P2: Interpretation of gravity and gravity changes in light of uplift processes

Supervisors

Prof. Roland Pail, Prof. Hans-Peter Bunge

Advisors (int.)

Prof. Martin Werner (TUM)

Advisors (ext.)

Dr. Sia Ghelichkhan (ANU Canberra)

Description

Static and temporal gravity models reflect mass distribution and mass transport processes in the Earth system, and therefore, they are important constraints for geodynamic models (PC IV). Global and regional gravity models will be determined from past and current satellite gravity data and complementary ground data. From combined static gravity field models, which will be computed rigorously (based on the solution of fully occupied normal equation matrices) applying high-performance computing techniques, specific fingerprints of the plate, plume and isostatic mode will be derived. They also represent important constraints for modelling dynamic topography. Geoid trends reflect signatures of all three uplift modes.

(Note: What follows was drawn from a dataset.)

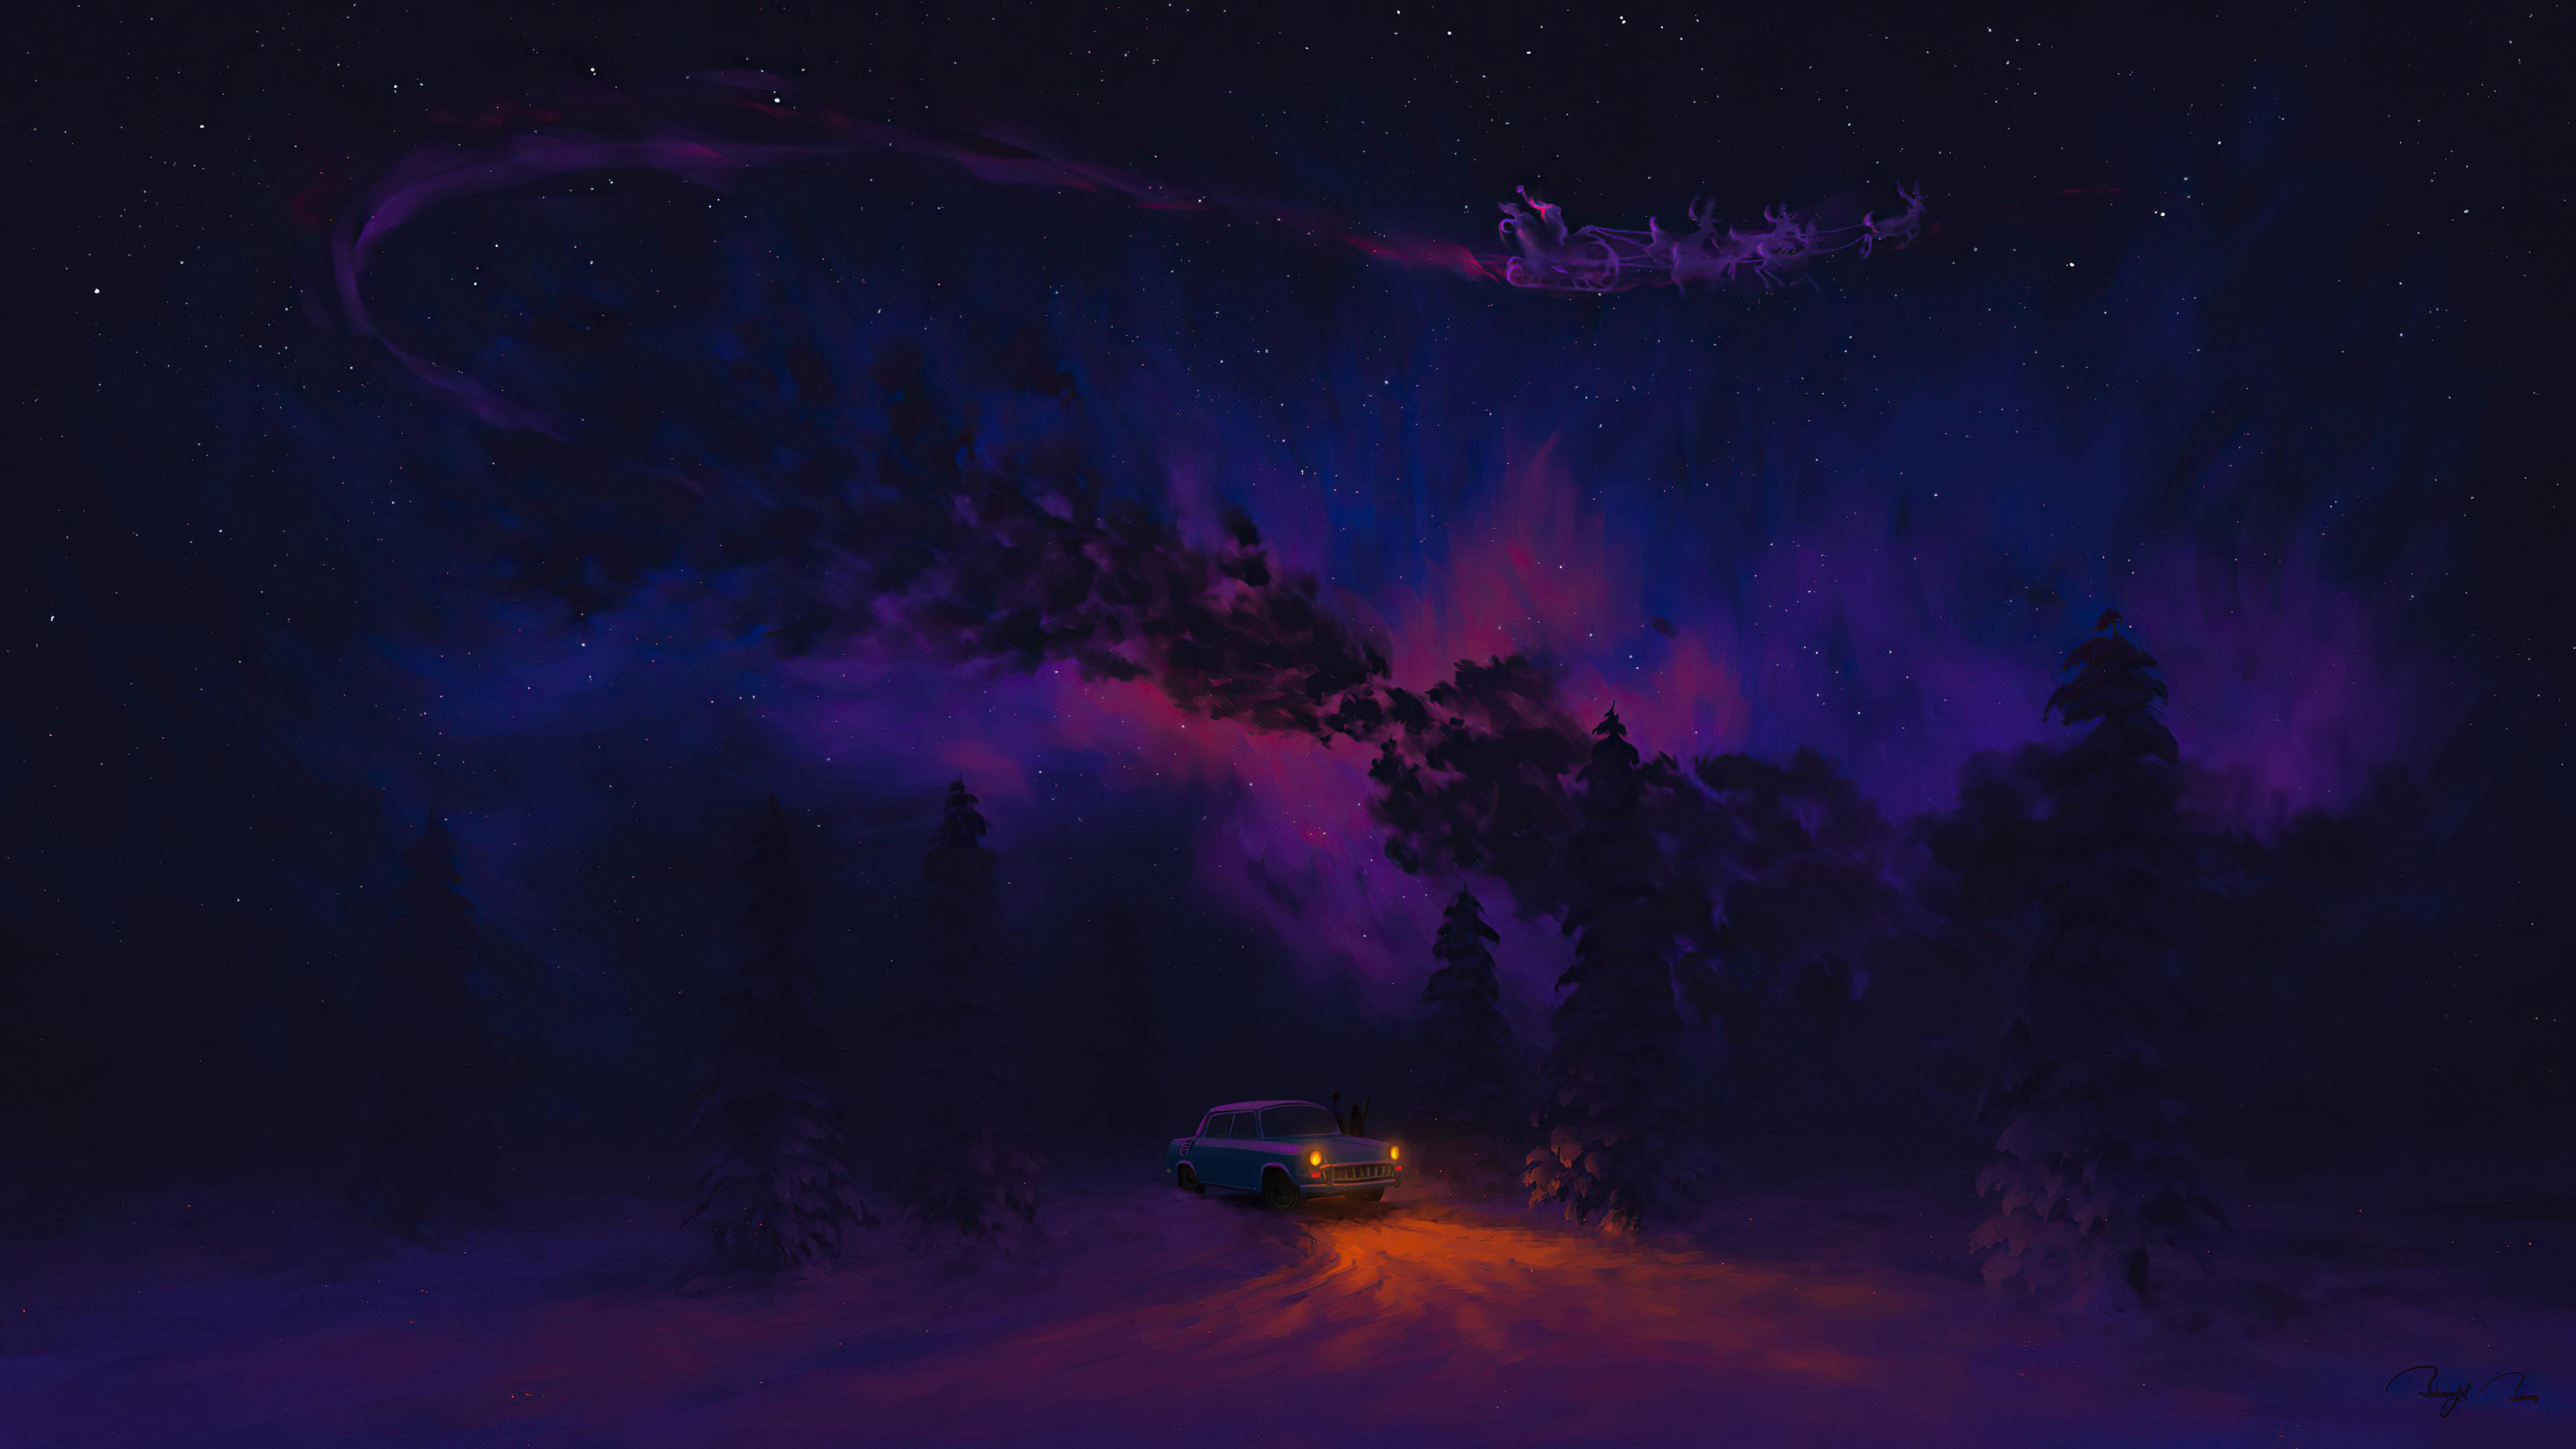 late-for-christmas-night-4k-n3.jpg

Measured trends can be used as important constraint for their modelling.

One of the greatest methodological challenges is the separation of very strong near-surface signals (related to processes of land hydrology, cryosphere, atmosphere and ocean) from rather weak mantle signals, which, however, might be distinguished by their space-time behavior. We will investigate and adapt modern algorithms of machine-learning to encounter this challenge. As a starting point we will start with standard models of computer vision and will study their performance in an end-to-end simulation environment. In order to properly consider the time behavior, we will investigate Bayesian structural time series models and adapt them to our purpose. By this, for the first time deep-learning algorithms will be applied to tackle the separation problem.

Main objectives

  • Computation of combined static geoid models incl. realistic error estimates in terms of variance-covariance matrices as constraints for modelling dynamic topography
  • Determination of contemporary geoid rates and error estimates from current satellite gravity mission data
  • Projection of achievable performance of future double-pair satellite missions, which are expected in the upcoming years
  • Separation of near-surface signals from mantle signals by means of pattern recognition algorithms and machine-learning techniques

RTG coupling

Input:

  • Satellite and ground gravity data (with special focus on test areas)
  • Predicted geoid rates from adjoint geodynamic model (P6) as input for full-fledged end-to-end simulation studies
  • Geometric change rates from P1P3 and P4 as prior and complementary information on uplift processes
  • Requirement from P9 regarding uncertainty quantification

Output:

  • Combined static gravity field models tailored to test areas (P1P8P10), including uncertainty quantification (P9).
  • Geoid rates from temporal gravity models (P1P4, P8, P10) including uncertainty quantification (P9).
  • Predicted geoid rates from future gravity field missions (to P1) including uncertainty quantification (P9).
  • Spatial patterns related to plume, plate and isostatic mode (all other Ps).